MINT: Minimal Information Neuro-Symbolic Tree for Objective-Driven Knowledge-Gap Reasoning and Active Human Elicitation
Keywords: human-in-the-loop, human-AI, LLM planning, decision tree, neurosymbolic, reinforcement learning
Abstract: Joint planning through language-based interactions is a key area of human-AI teaming. Planning problems in the open world often involve various aspects of incomplete information and unknowns, e.g., objects involved, human goals/intents, and their impacts on planning -- thus leading to knowledge gaps in joint planning. In this paper, we consider the problem of discovering optimal interaction strategies for AI agents to actively elicit human inputs in object-driven planning.
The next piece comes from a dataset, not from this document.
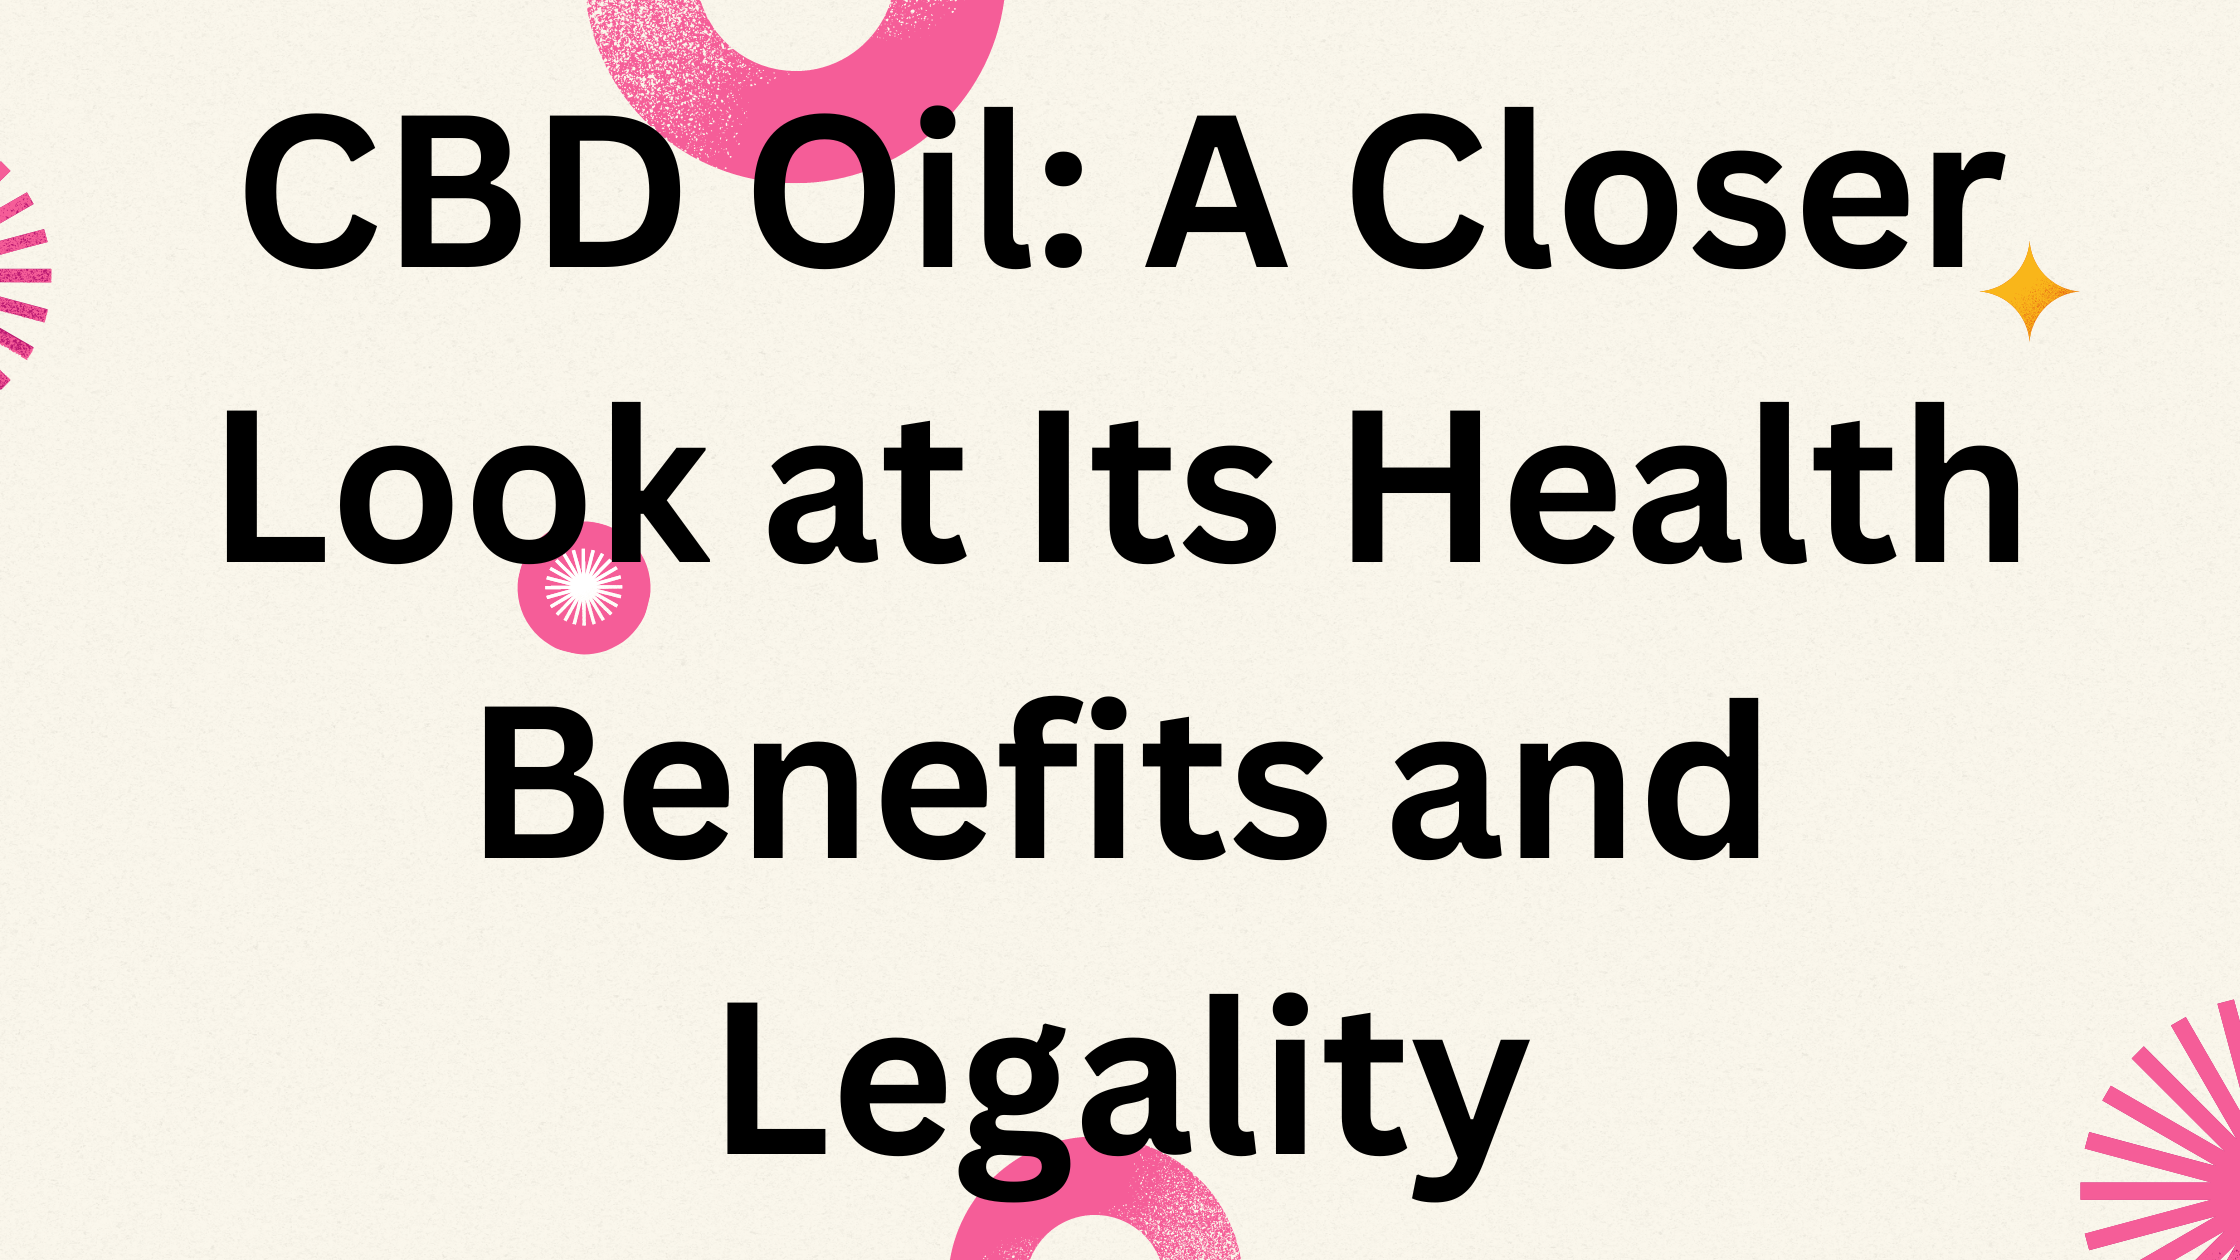 CBD Oil: A Closer Look at Its Health Benefits and Legality

To this end, we propose Minimal Information Neuro-Symbolic Tree (MINT) to reason about the impact of knowledge gaps and leverage self-play with MINT to optimize the AI agent’s elicitation strategies and queries. More precisely, MINT builds a symbolic tree by making propositions of possible human-AI interactions and by consulting a neural planning policy to estimate the uncertainty in planning outcomes caused by remaining knowledge gaps. Finally, we leverage LLM to search and summarize MINT’s reasoning process and curate a set of queries to optimally elicit human inputs for best planning performance. By considering a family of extended Markov decision processes with knowledge gaps, we analyze the return guarantee for a given MINT with active human elicitation. Our evaluation on three benchmarks involving unseen/unknown objects of increasing realism shows that MINT-based planning attains near-expert returns by issuing a limited number of questions per task while achieving significantly improved rewards and success rates.